A Month Off School? The Difference of S.A. Elections in Nepal

April 3, 2009
By Julie Block

There’s a lot Nepal has that America doesn’t: An overabundance of dal-bhat, load-shedding, hoards of small children who attack you asking for a chocolate, scary amounts of pollution that make the sun burn bright red in the sky in the middle of the afternoon, severed pig and goat heads sometimes still covered in fur and lying appetizingly out just waiting to be bought and fried up and, of course, Everest. But the most unexpected: Student assembly elections that people actually care about.

Talk about culture shock. For the past month, Tribhuvan University has hosted a series of rallies, parades, trucks with loudspeakers and fireworks advertising the students running for office (and competing with Amy Winehouse the Cow for the superlative of loudest neighbor). Furthermore, instead of a week long spring break, my roommate has had a month-long, Vote-for-Himalal-Surma-ANNSFU-for-TU-Student-Elections Break.
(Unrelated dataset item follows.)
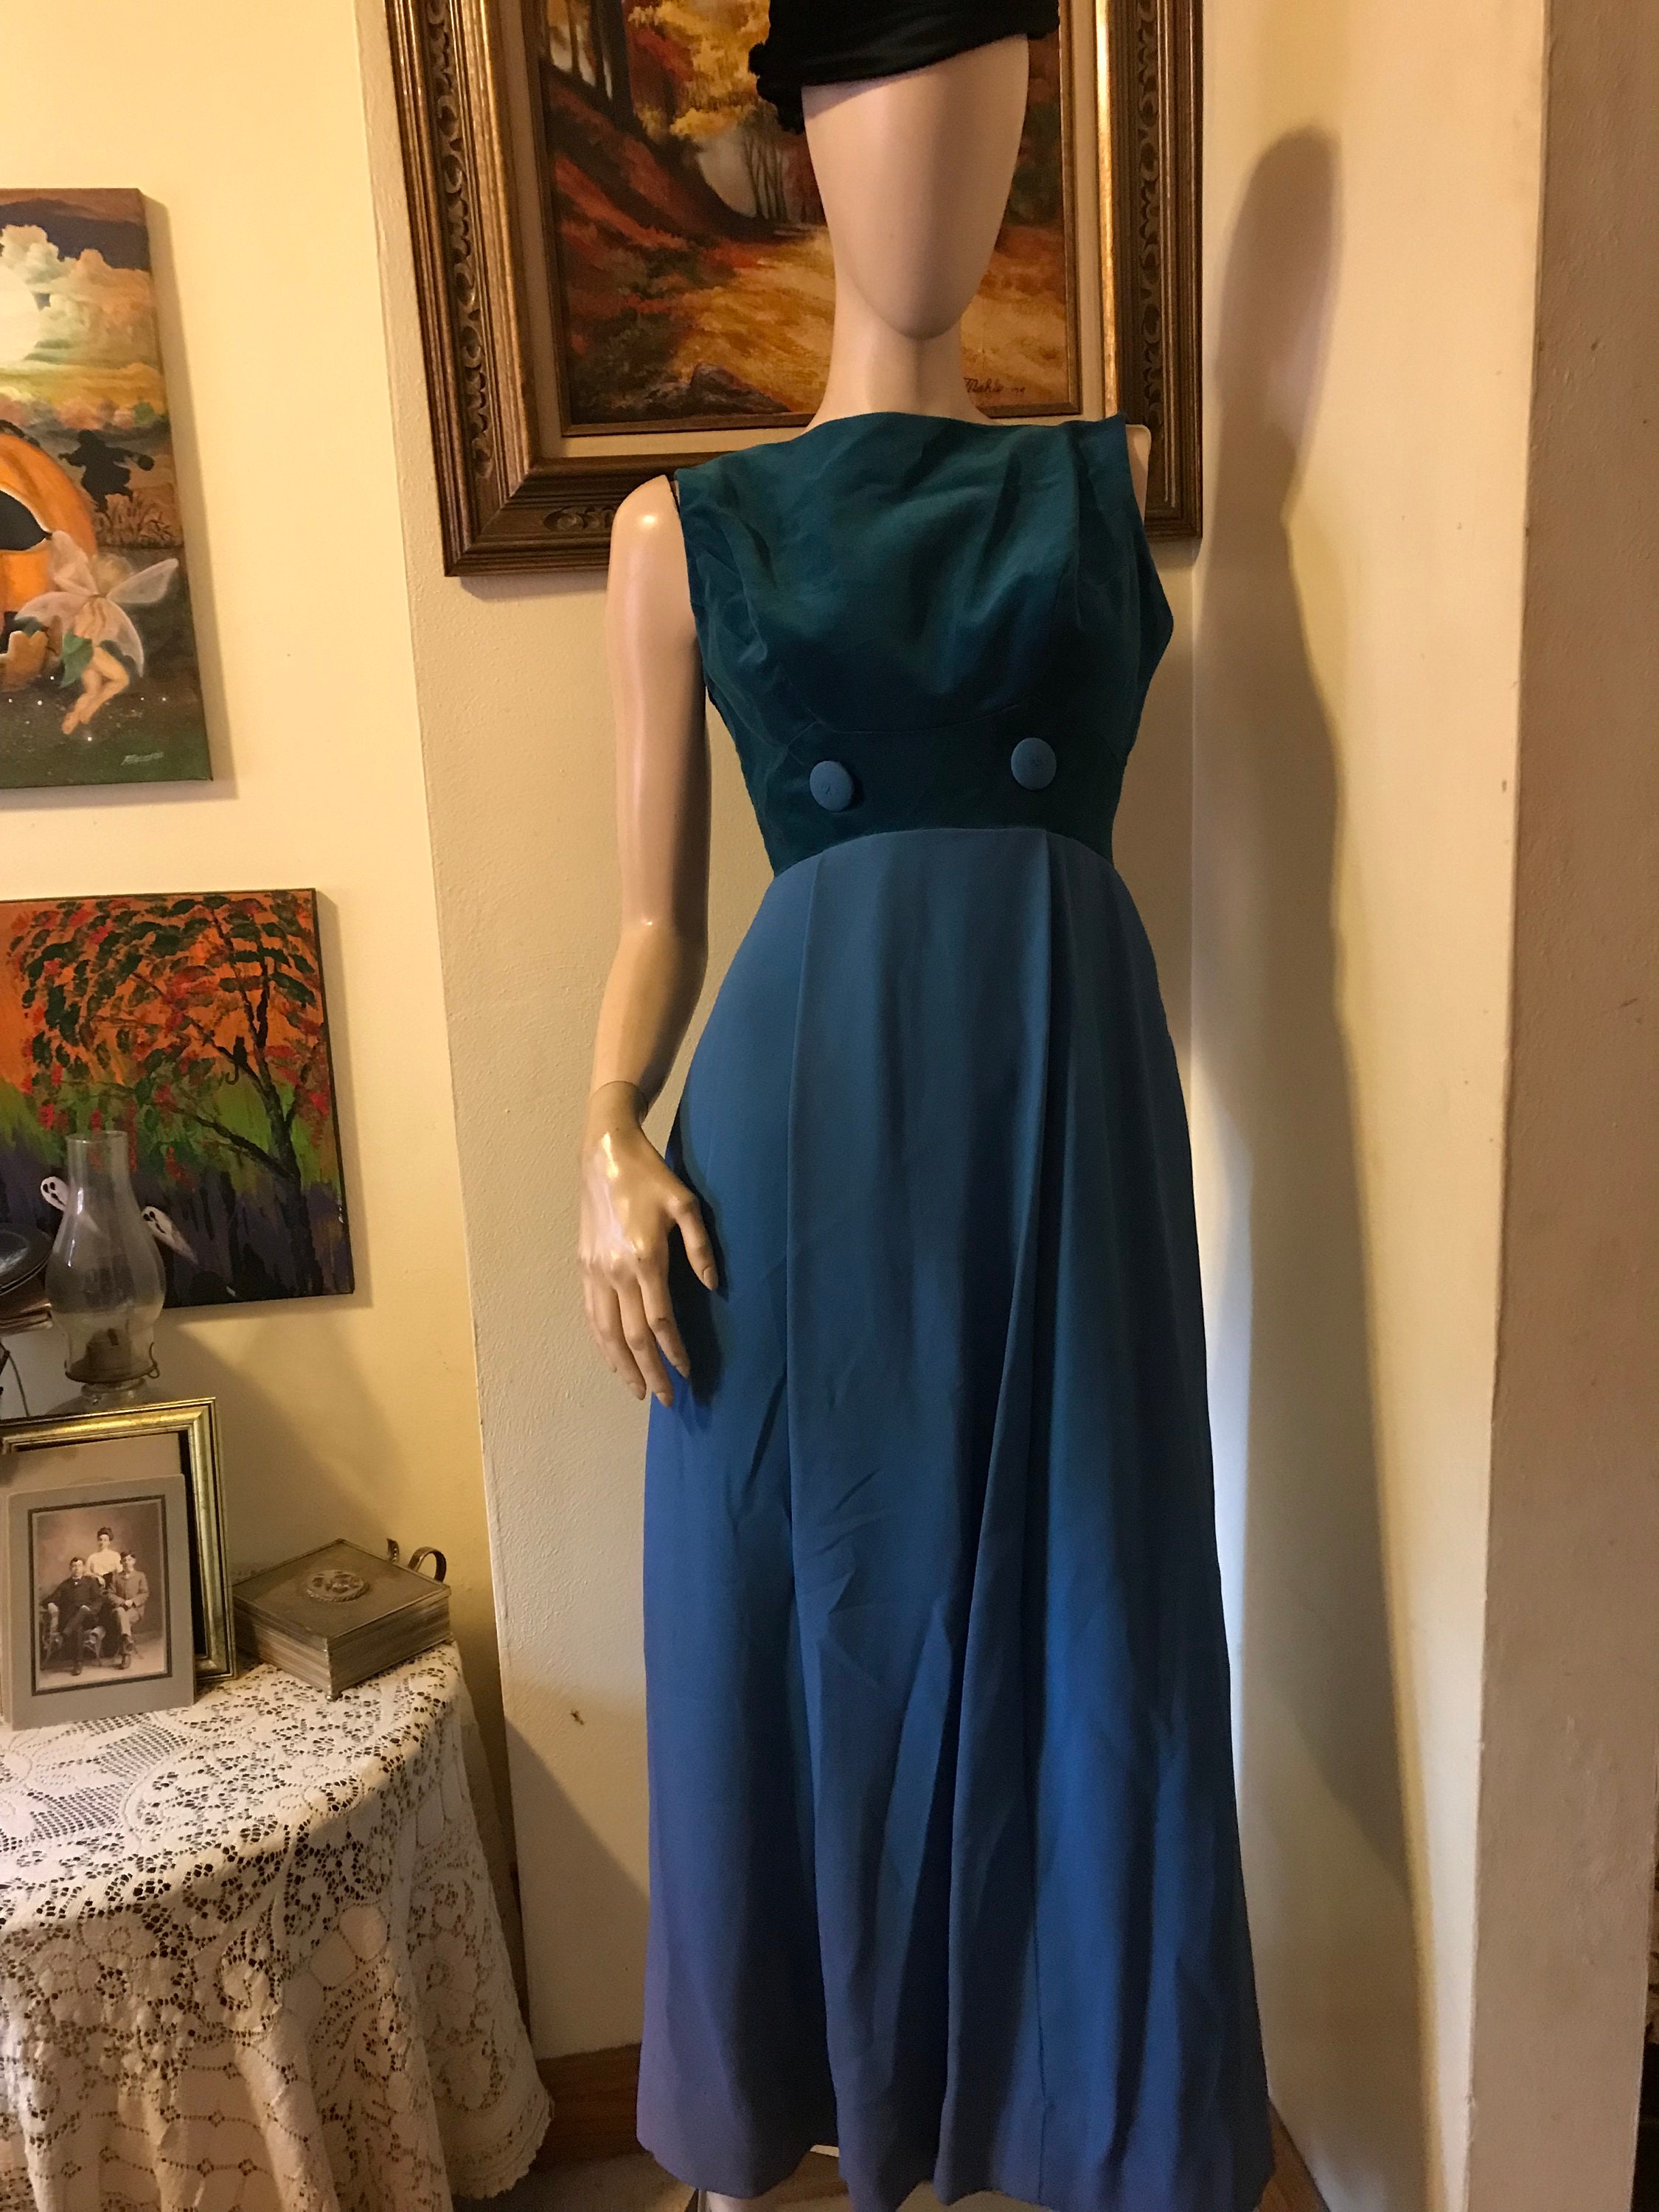 Vintage 1960s Aqua Blue Alyce Designs High Neck Formal Dress.

Can you imagine? Canceling class for a month to vote for Student Assembly President or Class of 2010 representative or party planner or whatever the SA’s calling it nowadays? Can you imagine watching candidates host parades up and down Ho Plaza? Or people getting into heated debates or arguments about which candidate they’re voting for, instead of dumping a crumpled quarter card on a painstakingly done chalking on their way to class? Can you image someone actually caring enough to vote, not because the candidate’s a friend or because you’ve gotten 20 Facebook messages from him or her in the past five minutes, but on the basis of their competence? What about actually voting, period?
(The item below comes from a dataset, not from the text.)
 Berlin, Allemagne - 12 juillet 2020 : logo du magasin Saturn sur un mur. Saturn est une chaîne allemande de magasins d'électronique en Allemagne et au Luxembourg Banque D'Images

Nepal’s secret is this: Instead of having a Student Assembly based around … whatever the SA is based around, they have representatives from each major political party running for student government. Except these representatives are the Van Wilders of party politics: 30-plus year-old men (yes, men) who purposely don’t graduate so that they can keep running for student government. But before you cough underachiever under your breath and picture the potential for a so-stupid-it’s-funny movie starring Chevy Chase and / or Will Ferrell (I already have the rights to the idea so don’t even try it), understand this: Nepali politicians have to run for and hold student office before they can even think about moving up to the big leagues. Not to mention a healthy wad of university budget to use as per their agendas, and an actual stake in the important stuff that goes on at the university.

Call me naïve or ignorant as to the goings on of the Student Assembly or rude (yes, I realize elections just happened / are still going on / whatever). Go ahead and call me boring like a friend just did: “Student Elections? Really? Booooring.” Except that Nepali students — and newspapers, and adults — don’t think so. Granted, our student politicians have nothing to do with real politics, but last I checked, those that do — the presidents of the Cornell Democrats and Republicans — still don’t generate much interest in their elections beyond their respective choirs, and don’t have much power beyond the arguably important campaigning, lobbying and bringing super-fun speakers like Dan Bakkedahl to campus. And while there is no question that if the States were more like Nepal, and the President or members of Congress stuck around campuses we’d actually vote in these things — doesn’t he and don’t they have more important things to do? Our apathy towards student elections is just as much the SA’s fault for failing to make us care as it is our fault for not forcing them to.

I won’t use my remaining 200-or-so words to capitalize on post-election pride and write the same “Yes We Did” column you could recite in your sleep. But I will say this: We’ve finally proven that we’re not the lazy, politically apathetic kids our parents and teachers complain(ed) about. In fact, our Facebook activist generation has become such a part of the current zeitgeist that at least four of the TV pilots in development focus on young attractive D.C. staffers trying to make a difference in the world. But when it comes to our own campus politics, I bet most of you respond like I do: confusion, annoyance, amusement. It’s boring, sure, it seems trivial, why not. But it doesn’t need to be, and we don’t even need full-grown adults to stick around campus and do the job for us.

Which is not to say that canceling class for a month to hold student assembly elections is a bad idea. That’s a campaign platform I’d vote for. I’d also vote for revoking the Pussycat Dolls’ invitation to Slope Day, but no one asked me.